Mio padre mi osserva ridere e scherzare con mia madre e mia sorella e nei suoi occhi mi sembra di scorgere un punto di domanda legato a quello che sa preoccuparmi molto, proprio in questi giorni. Non poteva che capitare a te, con quella voglia di ridere che hai sempre! mi dice. Poi, quasi stupito dalla sua stessa affermazione aggiunge la storia dell’eclissi che va bene per tutte le stagioni.

Si, mi porto appresso questa storia praticamente da sempre. Sono nata in una mattina di eclissi totale e così come mia madre non finisce mai di raccontarmi il buio improvviso alle nove di mattina in sala parto, mio padre giustifica quelle che per lui sono mie stranezze o doti particolari, citando questo evento.

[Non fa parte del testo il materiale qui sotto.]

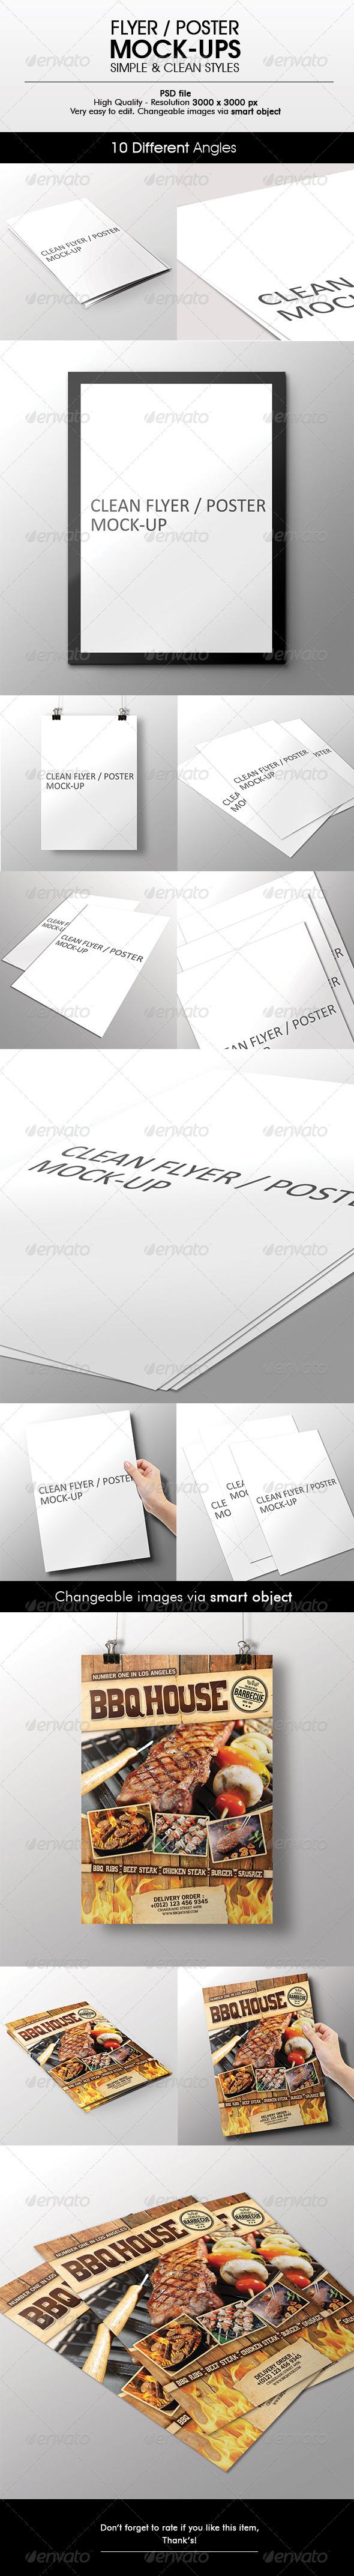 Flyer / Poster Mock-Up - Flyers Print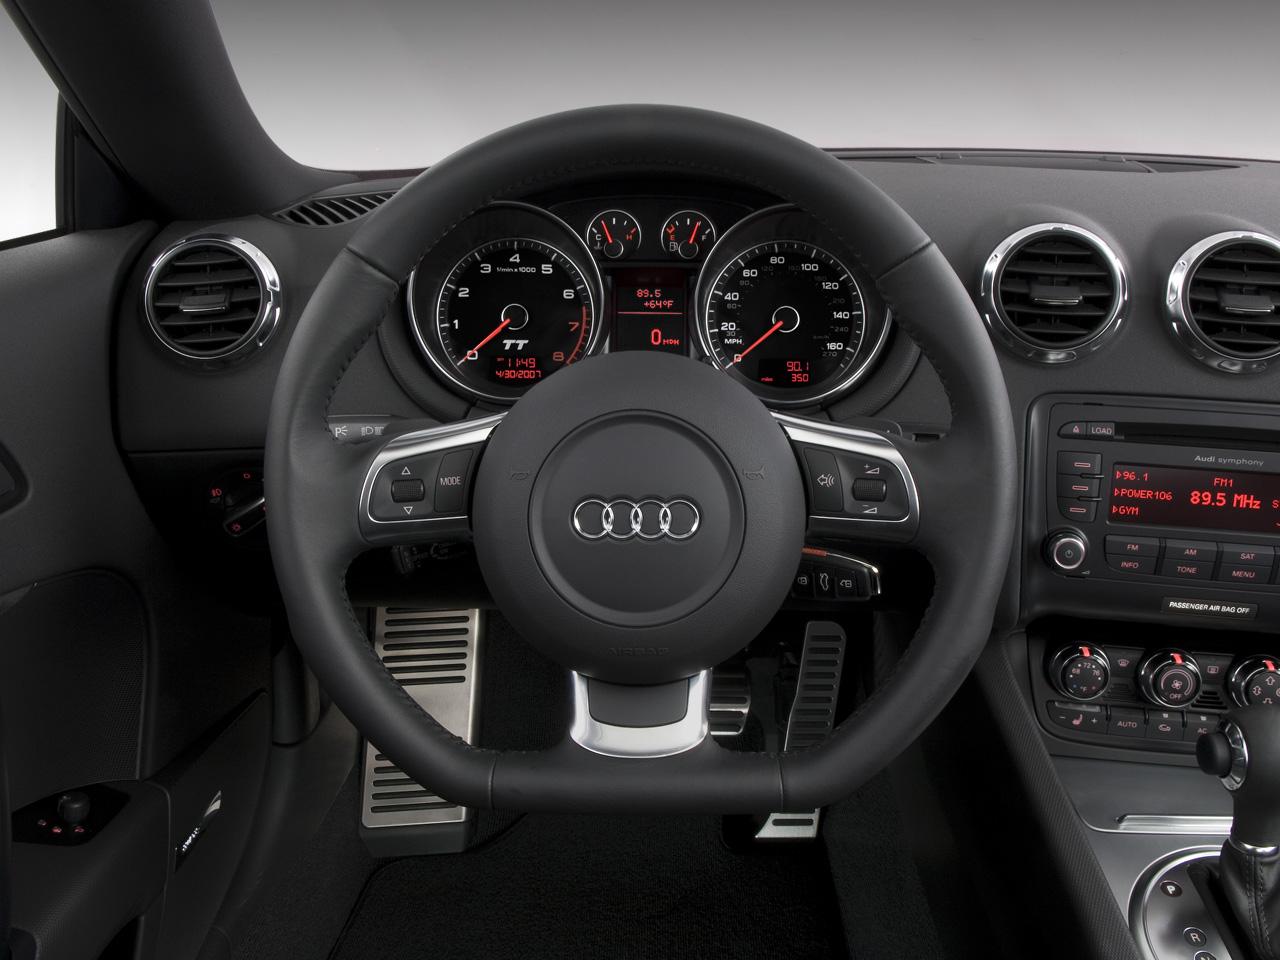 2009 audi tt coupe 2.0 quattro - audi luxury sport coupe review

Chissà. Certo che a proposito di luci e ombre l’eclissi totale si presta a parecchie interpretazioni e spiegazioni possibili.

Giorni fa mentre chiacchiero con una mia cara zia ad un certo punto capisco che non riesce a trattenersi quando mi dice che le dispiace molto di alcune cose che devo affrontare aggiungendo che proprio io, non me le meritavo.

Ed eccole che ritornano. Quelle frasi un po’ senza senso che però, proprio quando sono espresse da persone care a cui vuoi bene, ti permettono di andare oltre per afferrarne altri significati di cui sono portatrici.

Essere dispiaciuti per le difficltà che una persona sta affrontando è una cosa ma parlare di merito o demerito introduce chiavi interpretative che riecheggiano di una  resistente cultura cattoqualchecosa che ancora una volta fa riemergere la categoria dei peccatori, con tutti gli annessi e i connessi di punizioni e perdoni.

Mi colpisce sempre leggere di come molti genitori sono riusciti ad affrontare una bastardissima sindrome genetica manipolando il nome dello scienziato che l’ha scoperta al punto da farne diventare tutti i bambini che ne sono affetti degli angeli. Il pediatra che per primo l’ha riscontrata si chiamava Harry Angelman.

Capisco che alcune spiegazioni fanno ancora la parte della copertina di Linus e se tengono al caldo e rassicurano, vanno benissimo e forse ognuno, quando affronta qualche difficoltà o dolore, deve imparare a trovare quelle giuste per sè.

Se però penso all’educazione e al ruolo dei genitori ho bisogno di esplorare anche altre strade, perchè credo profondamente che si possa sempre insegnare qualcosa ma solo  a partire da quello che sta accadendo nella realtà.

Quindi per te, ragazza mia, niente ali e per me, nessuna croce o medaglia. Attraversiamo insieme luci e ombre tenendoci strette e chissà che l’effetto eclissi non ci dia una mano.